Lunar Lander environment by openAI's gym (https://gym.openai.com/envs/LunarLander-v2/) solved using 3 different algorithms: DQN, DDPG and PPO.
This project belongs to the course EL2805 Reinforcement Learning at KTH.
In this version of the problem we use a discrete action space with 4 actions (left, right, main engine or do nothing). Q-learning finds the optimal policy by learning the Q-function, aka (action, state)-value function. The Q-function returns the expected future reward if action a is selected from state s.
However, due to the very large state space of the Lunar Lander environment, learning Q(s,a) for every state s is not feasible. Instead, in DQN we approximate the Q-function with a neural network, which takes the state as input and returns the Q-value for each of the 4 actions. The weights and biases of the NN are the parameters being learned, and not the actual Q-function for every state. This reduces the complexity of the algorithm.
Now we switch to a version fo the problem with a continuous actions space, which is more realistic and is the usual scenario of most cyber-physical systems such as automonous vehicles.
With a continuous action space, we can no longer use DQN. This is due to the very large complexity of comparing Q-values for all possible actions when dealing with continuous actions. The solution is to use actor-critic algorithms in which we estimate both the critic (Q-function) and the actor (policy). Similarly to DQN, we have a NN to approximate Q-function, but now we also have another NN that approximates a deterministic policy. This policy is used to generate the samples and is periodically updated using the Deterministic Policy Gradient method.

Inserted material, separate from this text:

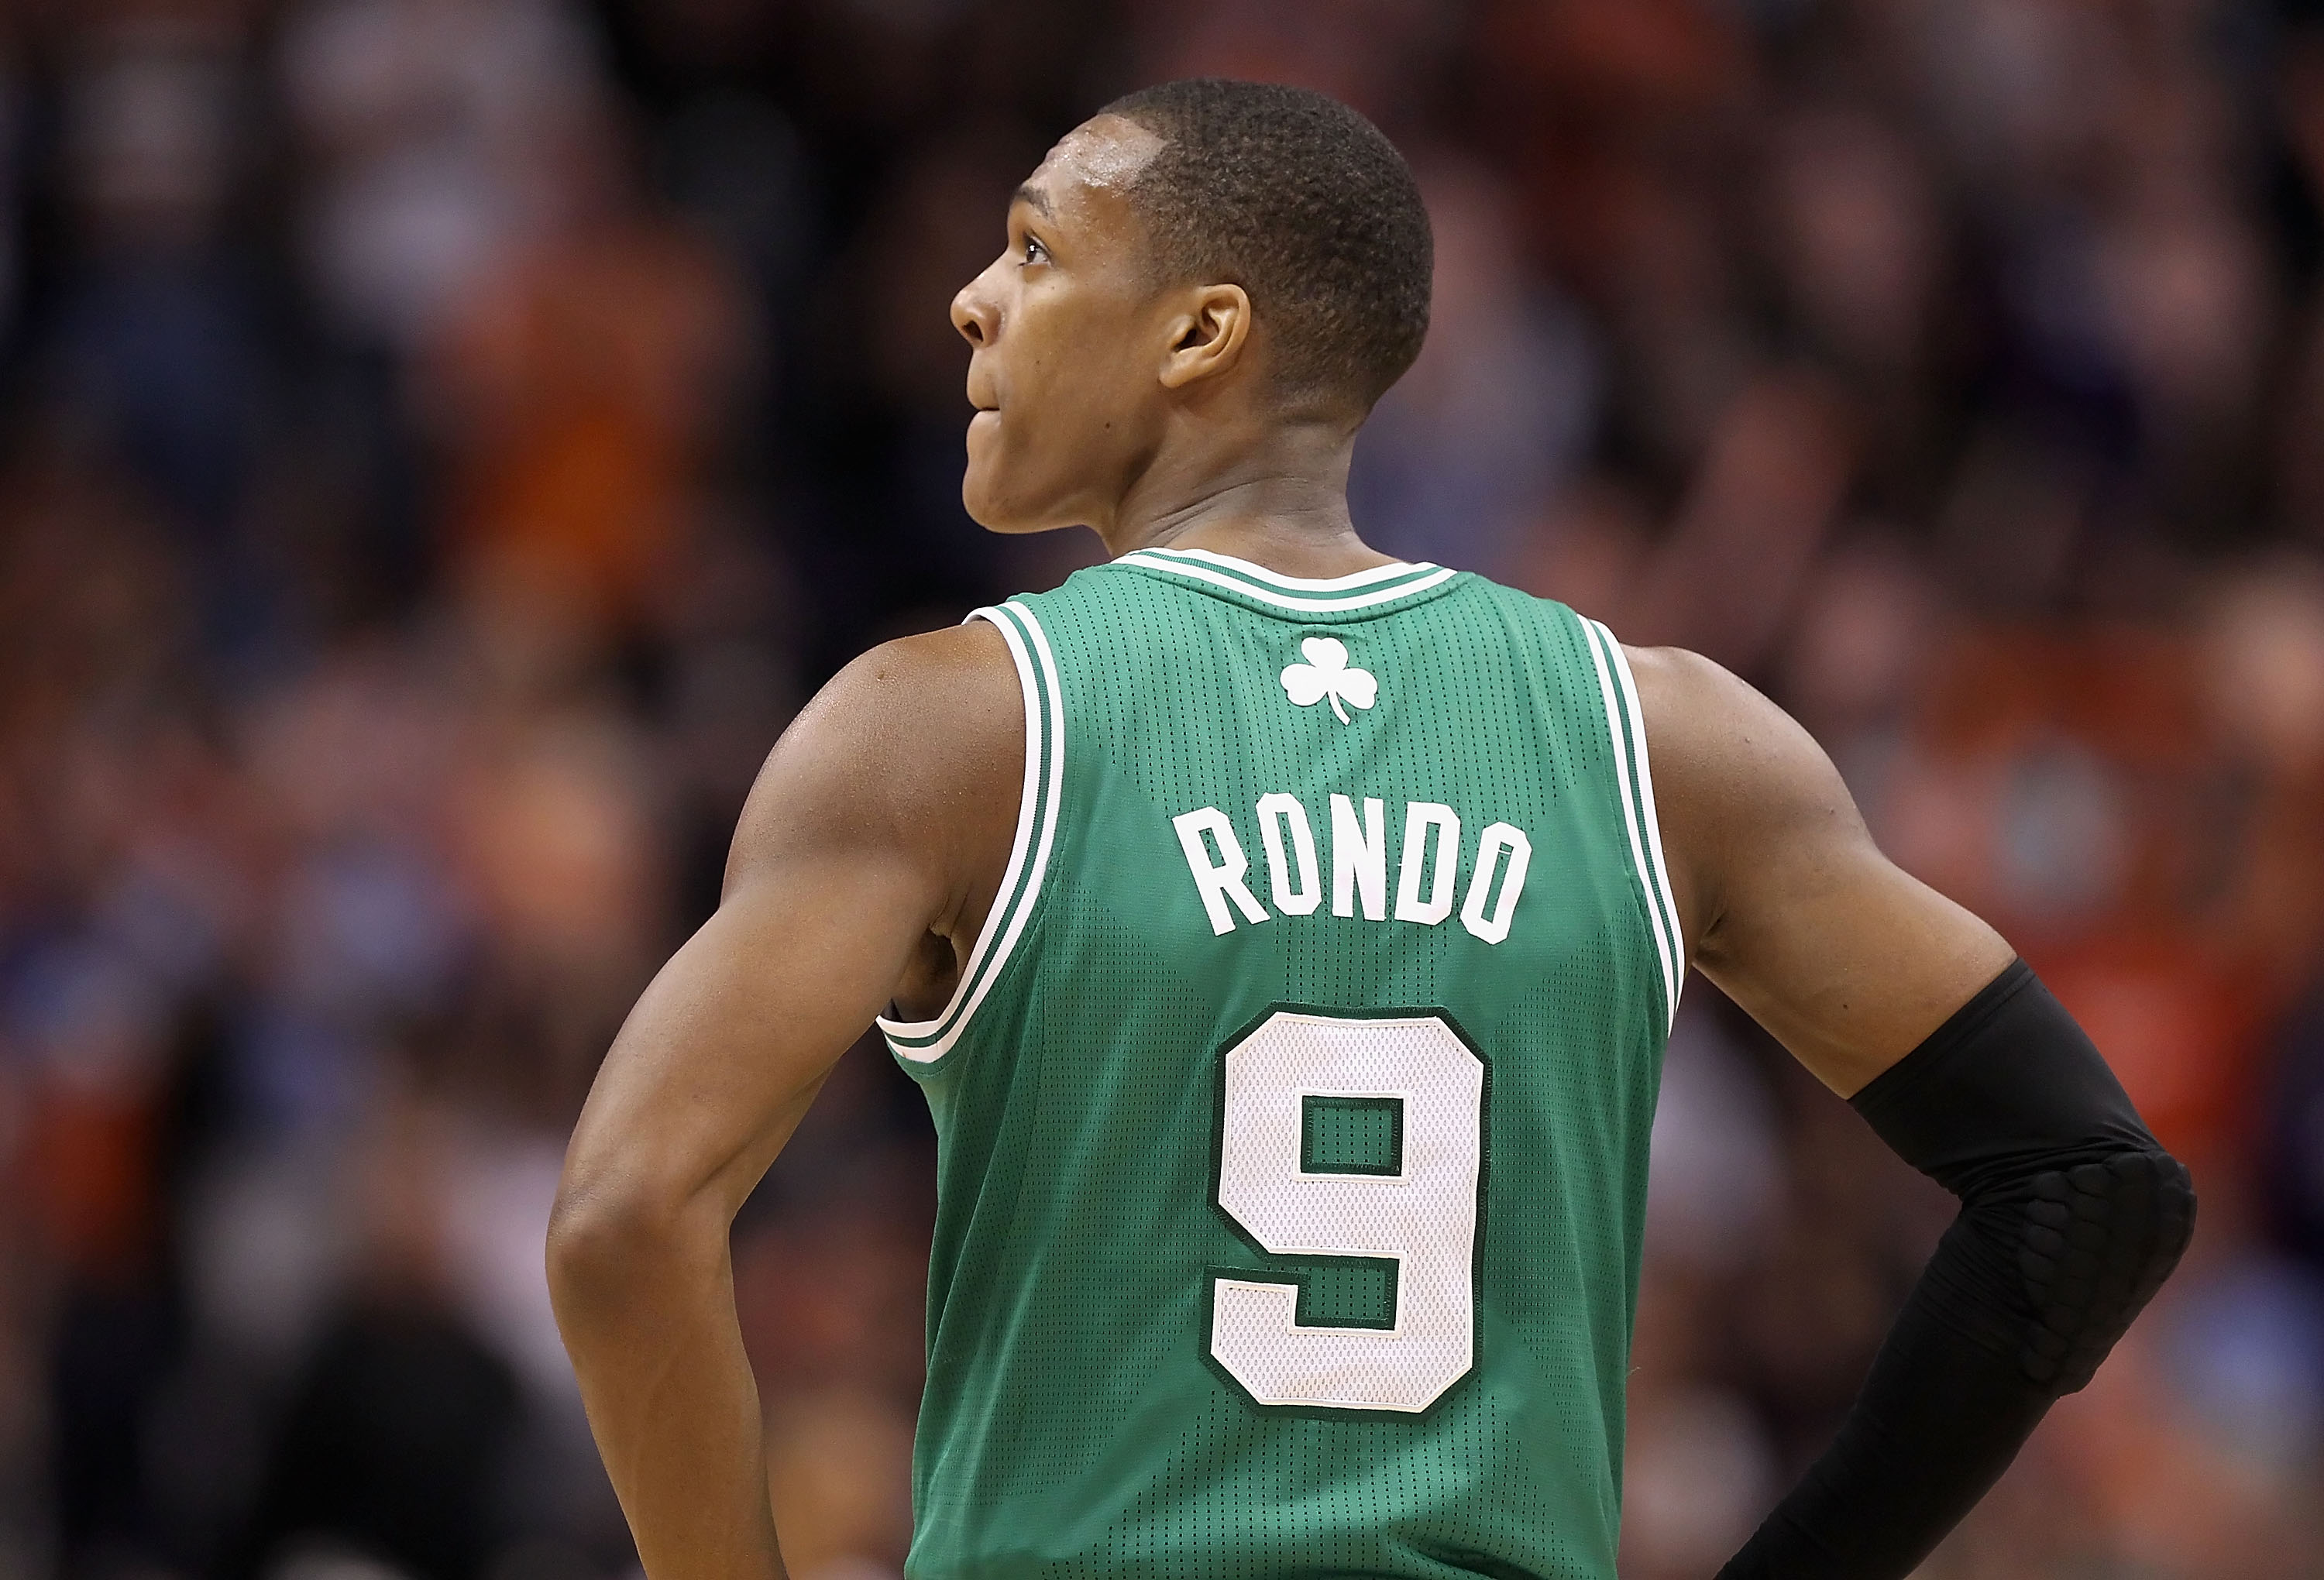 PHOENIX, AZ - JANUARY 28:  Rajon Rondo #9 of the Boston Celtics during the NBA game against the Phoenix Suns at US Airways Center on January 28, 2011 in Phoenix, Arizona.  The Suns defeated the Celtics 88-71.  NOTE TO USER: User expressly acknowledges and

PPO is an attempt to improve the stability of policy gradient methods. It is also an actor-critic algorithm and we will work with a continuous action space.
PPO is a Trust Region algorithm, where the policy learned is a region of actions instead of being deterministic. In this case, the NN of the policy will return mean and variance given the state, and it denotes a gaussian random variable that will be used to select the action. To prevent sudden changes in the policy network, we bound the update with a clipping function.